Elvis and the Nun

I usually try to choose representative, typical, poems when I discuss a poetry book, but, though I could identify some major themes, I find it nearly impossible to classify Madeline Defrees. Perhaps that’s why I liked her sequence of seven sonnets dedicated to Elvis Presley.

Somehow the idea of a “disenfranchised” nun born in 1919 dedicating a series of sonnets to Elvis, “The King,” appeals to me for ultimately every good poet must challenge our stereotypes.

A Crown of Sonnets for “The King”

I. THE UNDERTAKER’S DREAM

Around the Oklahoma copper casket,
the dream stars Army buddies playing taps,
heartbreak hotel the sum of all your trips
while thousands stand in line to buy a ticket.
Elvis, it’s hard to screw your swiveling hips
tight as a lightbulb into this final socket,
your body carried away in the gold lamé jacket
as something keeps breaking loose and the music stops.

When Charlie Hodge, with deft mascara brush,
tenderly changed to black your temples’ gray
the “Memphis Mafia” knew how to make
the most of loyalty amid the crush.
Stand back and let him breathe. Don’t go away!
These are the words I hear as I awake.

Looking back, of course, I find it hard to believe how much of an Elvis fan I was, waiting by the radio for the disk jockey to play “Heartbreak Hotel” or “Hound Dog” time after time, at least until we got a 45 record player and I could buy my first record: “Don’t Be Cruel/Hound Dog.” Who would have ever guessed that “Heartbreak Hotel” would foreshadow Elvis’ life? Then again, who would have thought that Elvis would trade in his leather jacket for a “gold lamé jacket?” Lame is right!

Ultimately, Defrees seems to capture the enigma of Elvis in the line “Stand back and let him breathe! Don’t go away.” He couldn’t live without the adulation of his fans, but he couldn’t cope with it, either.

3 thoughts on “Elvis and the Nun”

  1. how cool – a nun writing about elvis – why not i say?! i wonder how many people are actually prepared for the fame they seek? steven

  2. Cool indeed. Is he perhaps the reason she is disenfranchised? LOL

    “…screw your swiveling hips
    tight as a light bulb into this final socket,…” I love that line!!

  3. Jessica Powers was a Carmelite nun.
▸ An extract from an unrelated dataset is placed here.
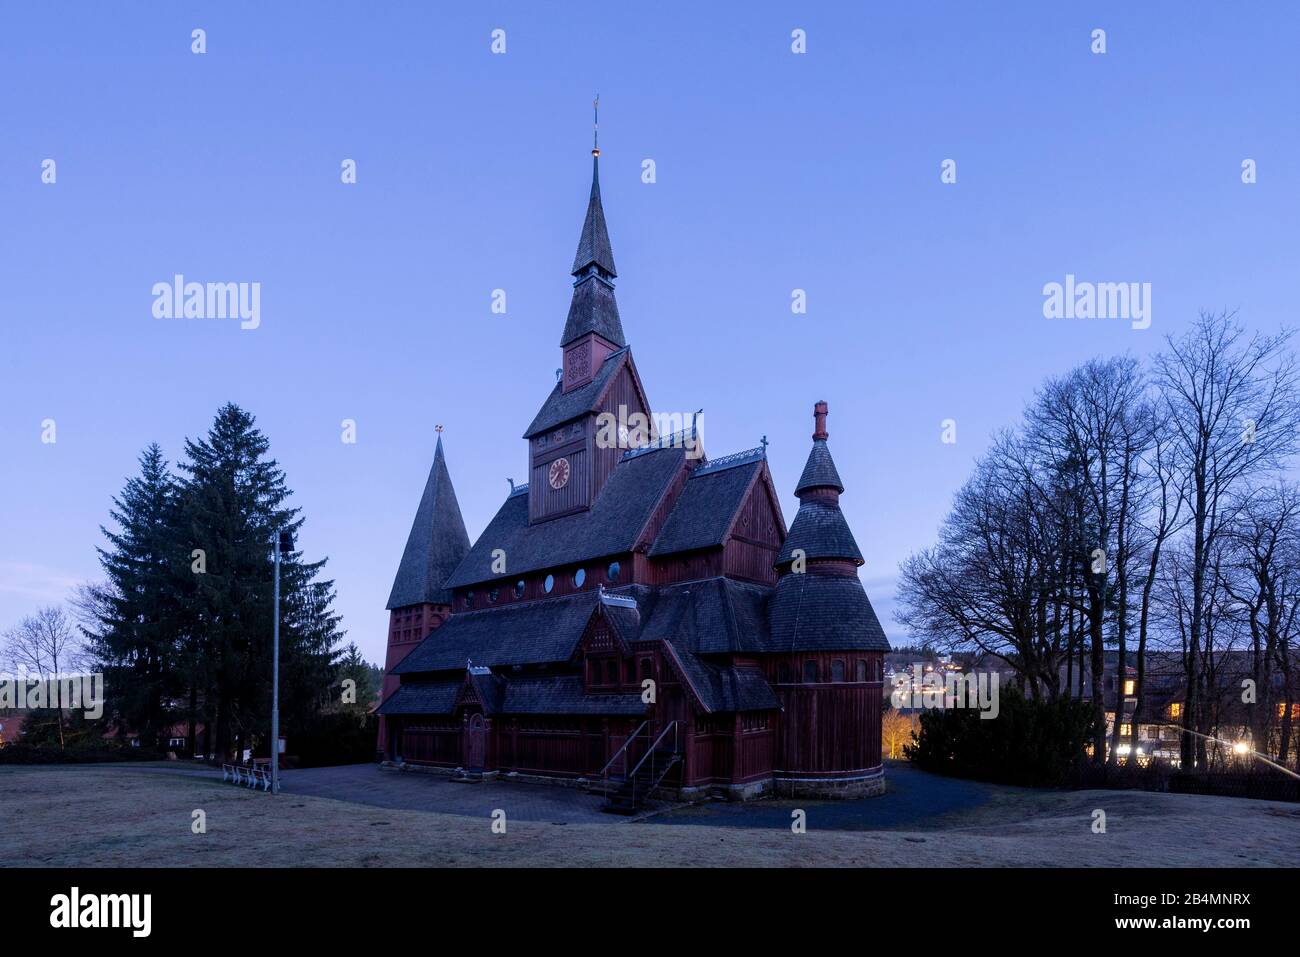 Deutschland, Niedersachsen, Harz, Goslar, Gustav Adolf Stave Kirche in Hahnenklee, erbaut 1907 - 1908 nach dem Vorbild der Stave Kirche Borgund in Norwegen. Stockfoto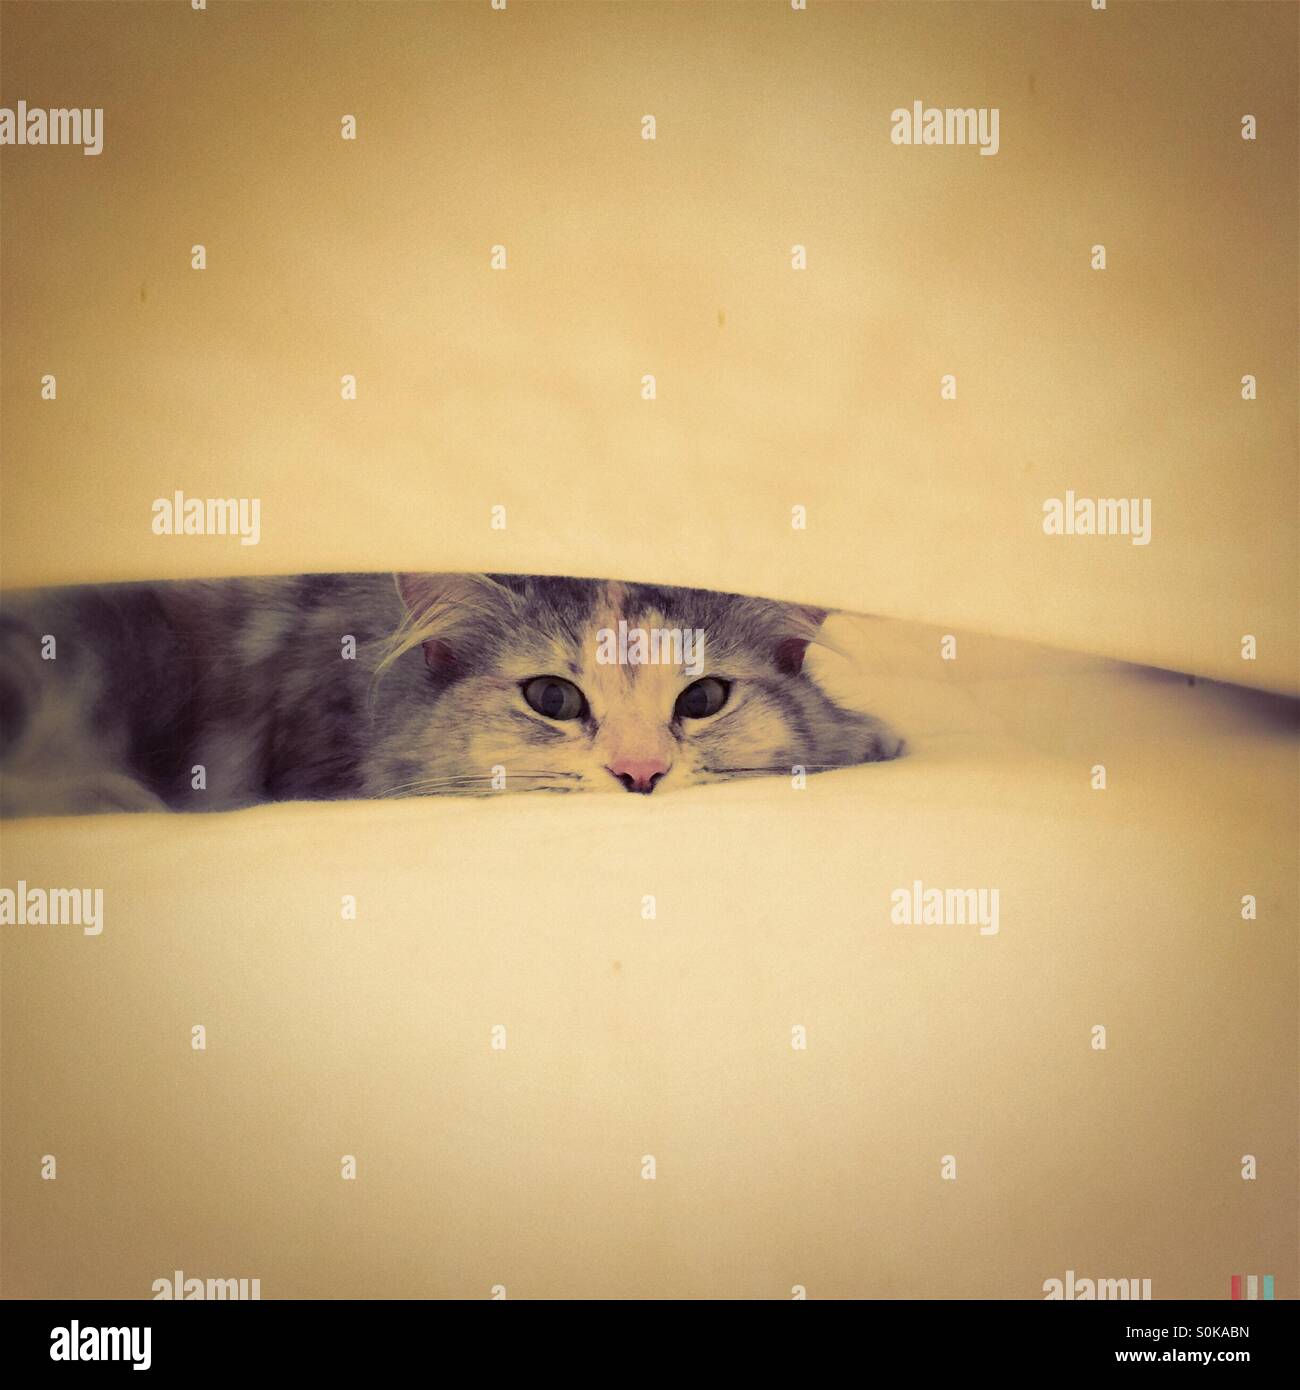 Cat hiding between a sheet and mattress Stock Photo

She was born in 1905. Here’s a poem of hers:

    God sits on a chair of darkness in my soul.
    He is God alone, supreme in His majesty.
    I sit at His feet, a child in the dark beside Him;
    my joy is aware of His glance and my sorrow is tempted
    to rest on the thought that His face is turned from me
    He is clothed in the robes of His mercy, voluminous garments –
    not velvet or silk and affable to the touch,
    but fabric strong for a frantic hand to clutch.
    and I hold to it fast with the fingers of my will.
    Here is my cry of faith, my deep avowal
    to the Divinity that I am dust.
    Here is the loud profession of my trust.
    I need not go abroad
    to the hills of speech or the hinterlands of music
    for a crier to walk in my soul where all is still.
    I have this potent prayer through good or ill:
    here in the dark I clutch the garments of God.